A guest post by Chris Taylor
The notion of long stay travel has long evoked romantic imagery with those who haven’t experienced it. Most probably because of the freedom it grants you to travel far and wide, across an entire country or continent, without fear of being late for your flight just a few days after you arrive at your destination.
While most people have a definitive plan for their long stay trip – whether it be teaching English in a foreign country, or touring an entire continent’s major cities by car – there are some who have the rashness just to say “let’s go here, and see where we end up”.
Being loose and free are admirable qualities on such a trip – I mean, why would you want to stick to a rigid plan if you’ve got months to spare? But at times you might end up finding yourself a little lost; not knowing what your next move should be. Maybe you’ll even become apathetic – or worse yet – bored with your movements; your next plan, your next city.
So this doesn’t happen, here are a few friendly tips from a fellow traveller to help make the most of your time when on a longstay holiday or work experience trip.
Do some forward-planning
Ok. So at the very least, you’d expect to know which country you are flying into for your trip and – more than likely – which airport or country you’ll end up departing from. If you know this, then you should at least be considerate of the time it takes to travel from point A to point B at any time.
To give you an example of this, if you know that it takes three days by train to cross from your penultimate country to your final destination – and you want to spend some time in your final destination – then make sure you are there in plenty of time. Two days is a good buffer in terms of time in practically any country, should you intend on using public transport to get between countries. This will cover you in case you miss a particular bus, train or flight, in most cases.
It is possible that when you have been on longstay trips you are taken ill whilst travelling and end up in a far flung location needing medical treatment (which could be costly) or repatriation to the UK (even more costly) that you really need to have the right travel cover for these costly potential claims.
More importantly you’ll want to know which countries you anticipate visiting for the purposes of carrying the right visas and having the right immunisations. It’s not really worth “just popping over to Myanmar (Burma)”, if you haven’t been taking treatment for mosquitoes, for example, or don’t have the right credentials to be there.
Similarly, you should keep an eye on the Foreign and Commonwealth Offices (FCO) pages before and during your trip. They’re regularly updated and contain helpful advice about the risks each country carries for British tourists.
Speak to the locals and read literature
If at any point you’re losing interest, or not sure what your next move should be, in a particular country, then try and get involved with the local people and ask them for advice. These people are bound to know where all the best spots are – or perhaps know of a hidden gem off-the-beaten path – that you might not otherwise find in your travel guide. *Do obviously exercise caution when taking on board local advice and don’t travel with strangers alone.
That being said, published travel guides and smartphone apps are still an incredibly useful resource, with such sites as Trip Advisor and Lonely Planet being among the better known. You can always check into these at an internet café when you’ve got a moment. International tourism offices too are still useful, providing the staff speak decent-enough English.
Become a “yes” person and be flexible
Once again, within reason, you could always just say yes to experiences that you mightn’t have otherwise tried at home or around members of your family.

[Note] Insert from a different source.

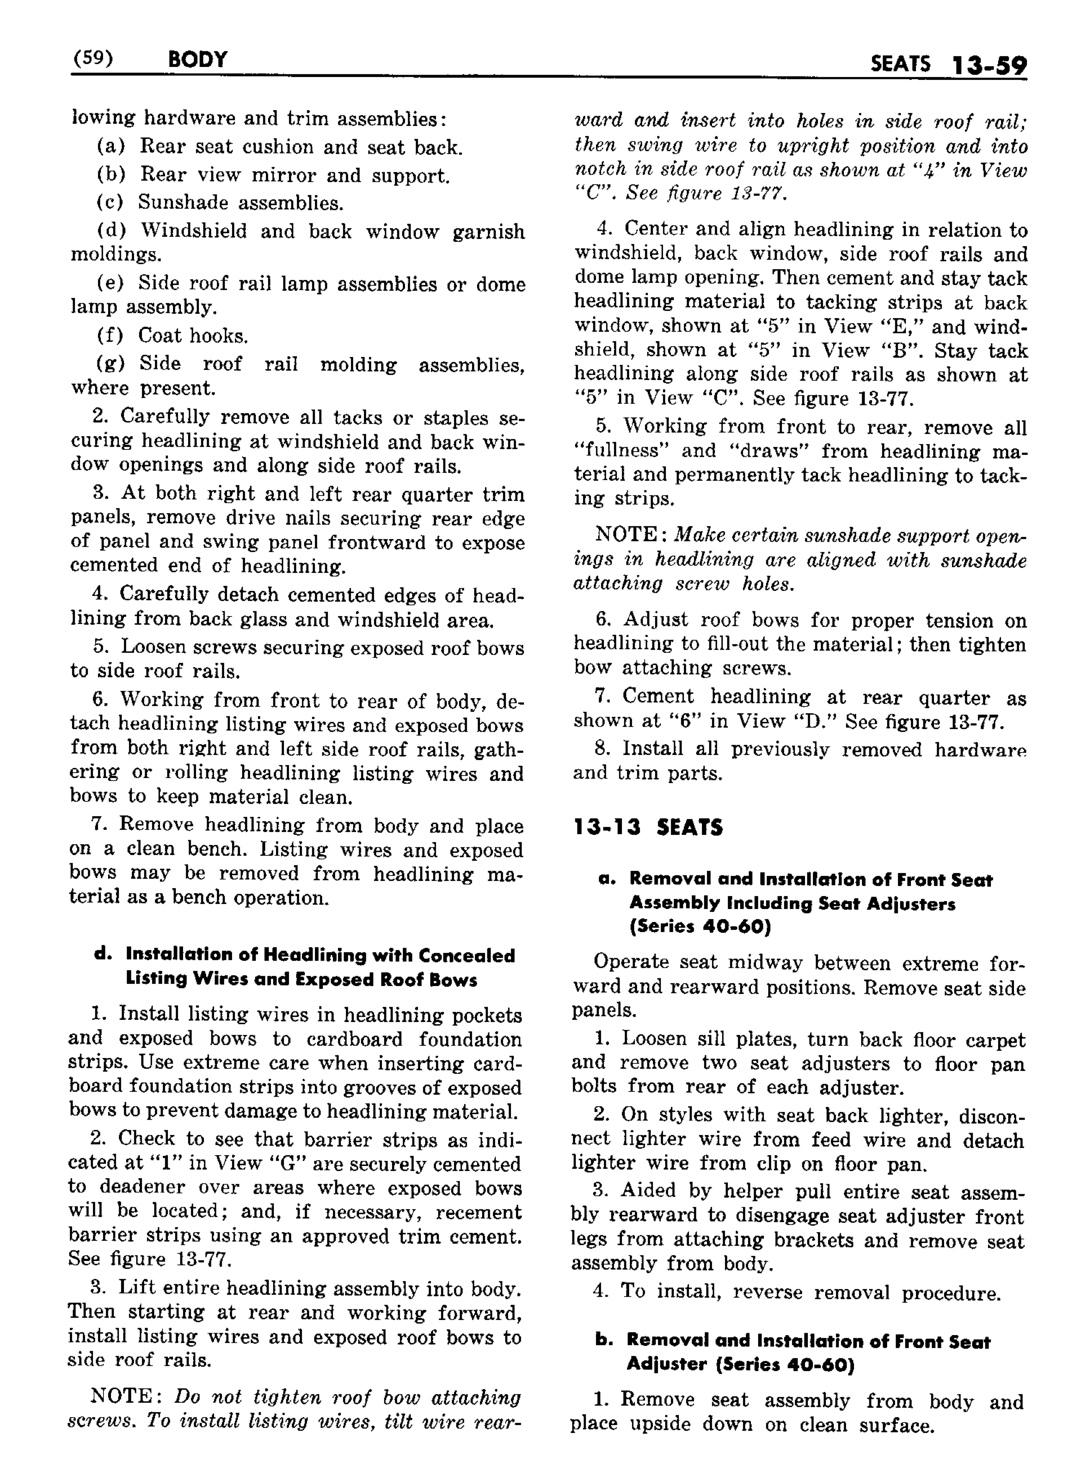 n_1958 Buick Body Service Manual-060-060.jpg

This could be watching a local sport, trying out a local delicacy (whatever it may be!) or trying out an extreme sport. If you’ve got friends with you then it’s much easier to get involved with making some sacrifice to do what the crowd wants. Try and do something out of your comfort zone once and a while to really create the experience of a lifetime.
If travelling with others, then also remember to be flexible in your movements and agree to their wishes now and again. You too will get your way at some point. So if someone wants to jump country early, then stick together and make a promise that you’ll get the choice at the next location. However, don’t split up across countries unless you’re with other friends.
Keep mobile and email contact with each other throughout and you should meet up again… eventually!
Overall, you should keep an open mind about your time abroad; never forget this isn’t a trip you can take every year – so experience and breathe every single minute of it.